Using either of the above techniques, it is desirable that data is entered once by one person and then either re-entered or rechecked by a different person. This is because people can make systematic errors, with the likelihood that they will make the same mistakes repeatedly. However, it is less likely that two different people will make the same systematic errors, so a second person is more likely to pick up the mistakes made by someone else.
It is also possible that form design can lead to users or data-entry operators making systematic errors. If significant numbers of similar errors are discovered regularly when a form's data is being recorded, it may be that the design of the form is at fault. Redesigning the form may help to lower error rates in this case.
Data can also be verified using computerized checks built into the data capture process. For example, a database containing residential addresses can include a list of all valid addresses. The system can be programmed to ensure that only valid addresses can be accepted when data is being entered. Such a verification technique will not necessarily ensure that the correct address has been entered, but it will ensure that all the recorded addresses are indeed real.

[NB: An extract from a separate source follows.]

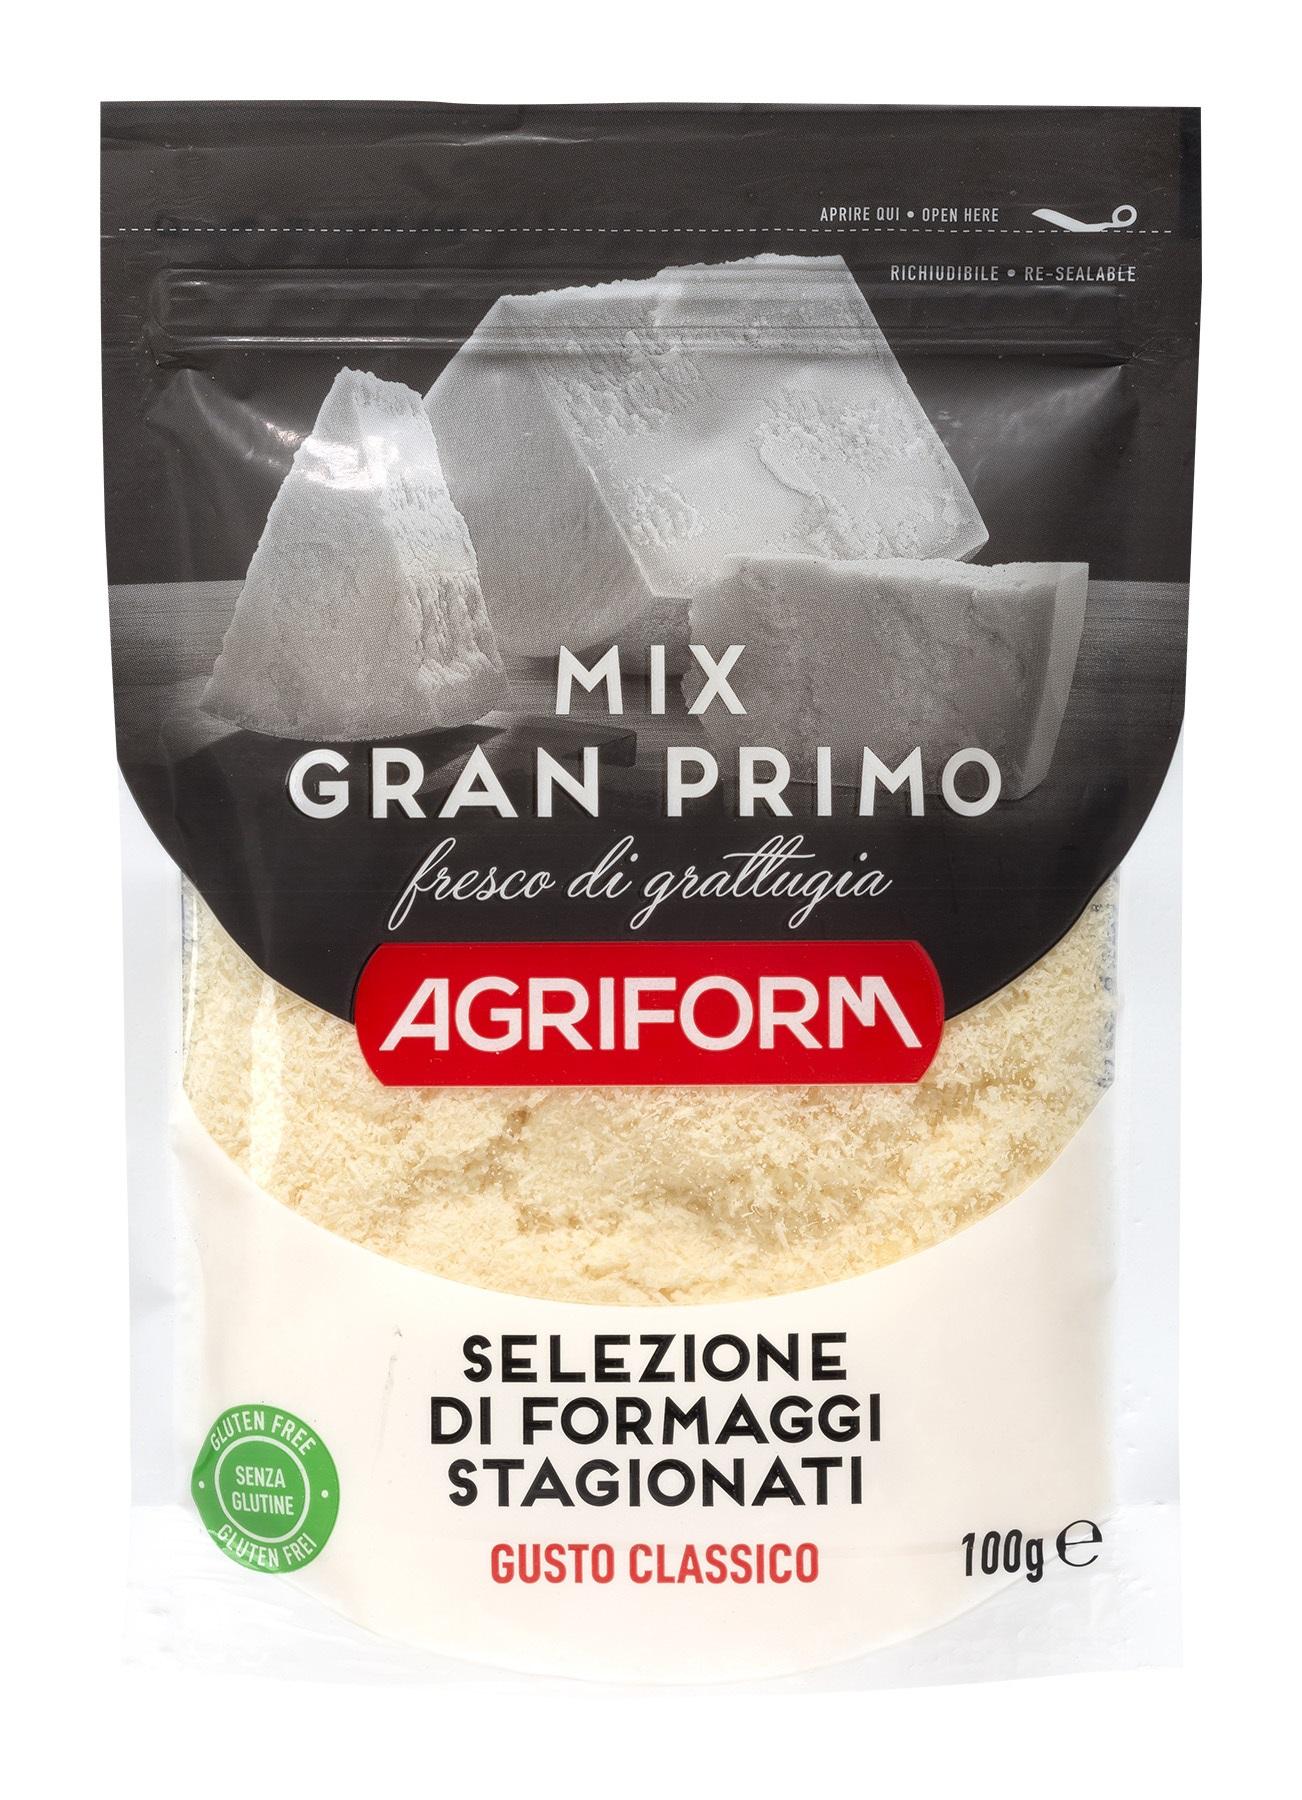 GRAN PRIMO Mix reszelt sajt 100g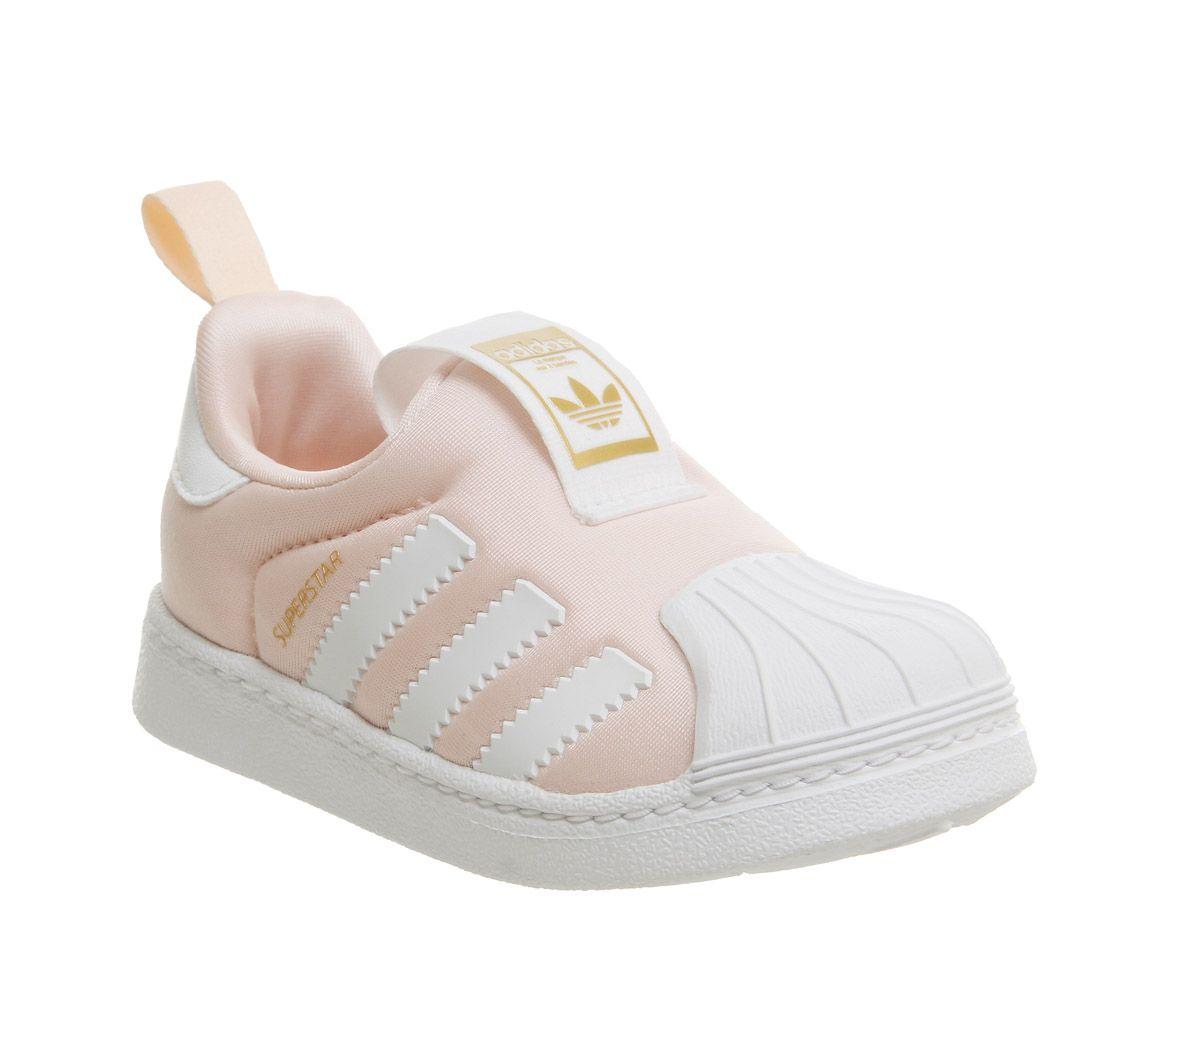 Adidas Adidas Superstar 360 I Kinder Sportschuhe

Similarly, arithmetic checks can be built into data-entry systems involving entry of numbers. For example, a data entry form could require users to enter a total for a sum. The data entry program can be set up to require the total to be entered by the operator and can cross-check that total against the sum of the numbers making up that total. If there is a discrepancy, the operator will be prompted to correct the data.
Arithmetic or logic tests can also be used to verify data entry. For example, if an operator is entering polling place voting data, the system can be programmed to query any result that shows more votes counted at the polling place than there are electors registered to vote at that place. Trends can be also calculated by computer systems and any results that vary from the trend by an unusual amount can be identified and queried.
Ensuring reliability of data after it has been captured
Once data has been entered into a computer system, it is important that it be stored securely and maintained, as well as used in a manner in which its integrity is not compromised. These issues are addressed under Ensuring Availability of Data.